[PATCH] nsproxy: attach to namespaces via pidfds

Mon Apr 27 14:36:46 UTC 2020

For quite a while we have been thinking about using pidfds to attach to
namespaces. This patchset has existed for about a year already but we've
wanted to wait to see how the general api would be received and adopted.
Now that more and more programs in userspace have started using pidfds
for process management it's time to send this one out.

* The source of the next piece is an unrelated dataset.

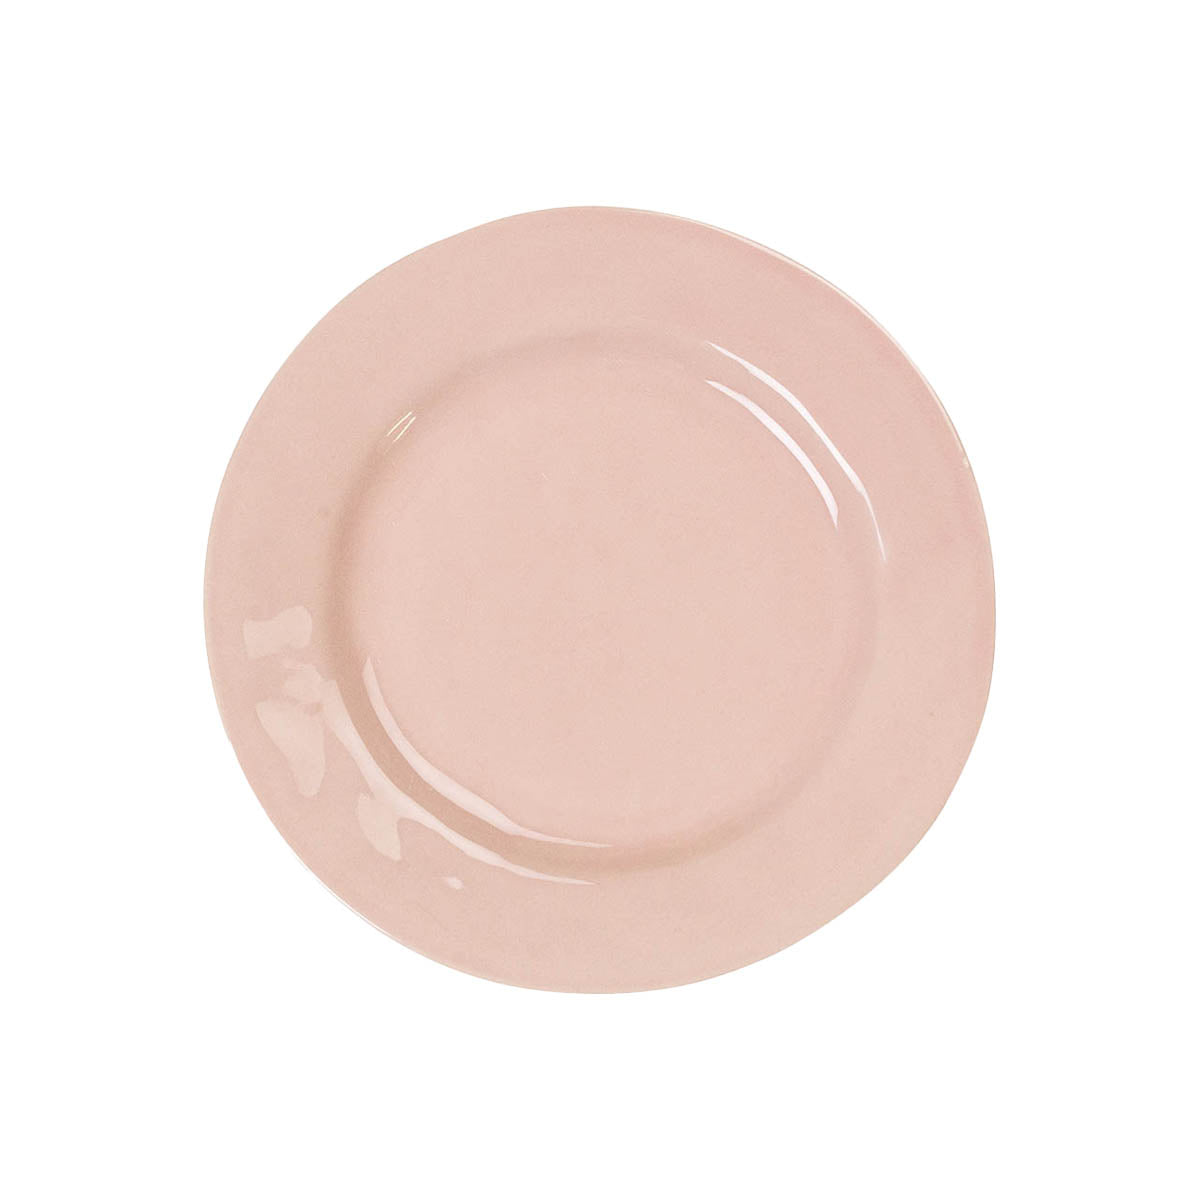 Puro Dessert/Salad Plate in Blush

This patch makes it possible to use pidfds to attach to the namespaces
of another process, i.e. they can be passed as the first argument to the
setns() syscall. When only a single namespace type is specified the
semantics are equivalent to passing an nsfd. That means
setns(nsfd, CLONE_NEWNET) equals setns(pidfd, CLONE_NEWNET). However,
when a pidfd is passed, multiple namespace flags can be specified in the
second setns() argument and setns() will attach the caller to all the
specified namespaces all at once or to none of them. If 0 is specified
together with a pidfd then setns() will interpret it the same way 0 is
interpreted together with a nsfd argument, i.e. attach to any/all
namespaces.

The obvious example where this is useful is a standard container
manager interacting with a running container: pushing and pulling files
or directories, injecting mounts, attaching/execing any kind of process,
managing network devices all these operations require attaching to all
or at least multiple namespaces at the same time. Given that nowadays
most containers are spawned with all namespaces enabled we're currently
looking at at least 14 syscalls, 7 to open the /proc/<pid>/ns/<ns>
nsfds, another 7 to actually perform the namespace switch. With time
namespaces we're looking at about 16 syscalls.
(We could amortize the first 7 or 8 syscalls for opening the nsfds by
 stashing them in each container's monitor process but that would mean
 we need to send around those file descriptors through unix sockets
 everytime we want to interact with the container or keep on-disk
 state. Even in scenarios where a caller wants to join a particular
 namespace in a particular order callers still profit from batching
 other namespaces. That mostly applies to the user namespace but
 all container runtimes I found join the user namespace first no matter
 if it privileges or deprivileges the container.)
With pidfds this becomes a single syscall no matter how many namespaces
are supposed to be attached to.
A decently designed, large-scale container manager usually isn't the
parent of any of the containers it spawns so the containers don't die
when it crashes or needs to update or reinitialize. This means that
for the manger to interact with containers through pids is inherently
racy especially on systems where the maximum pid number is not
signficianly bumped. This is even more problematic since we often spawn
and manage thousands or ten-thousands of containers. Interacting with a
container through a pid thus can become risky quite quickly. Especially
since we allow for an administrator to enable advanced features such as
syscall interception where we're performing syscalls in lieu of the
container. In all of those cases we use pidfds if they are available and
we pass them around as stable references. Using them to setns() to the
target process namespaces is as reliable as using nsfds. Either the
target process is already dead and we get ESRCH or we manage to attach
to its namespaces but we can't accidently attach to another process'
namespaces. So pidfds lend themselves to be used with this api.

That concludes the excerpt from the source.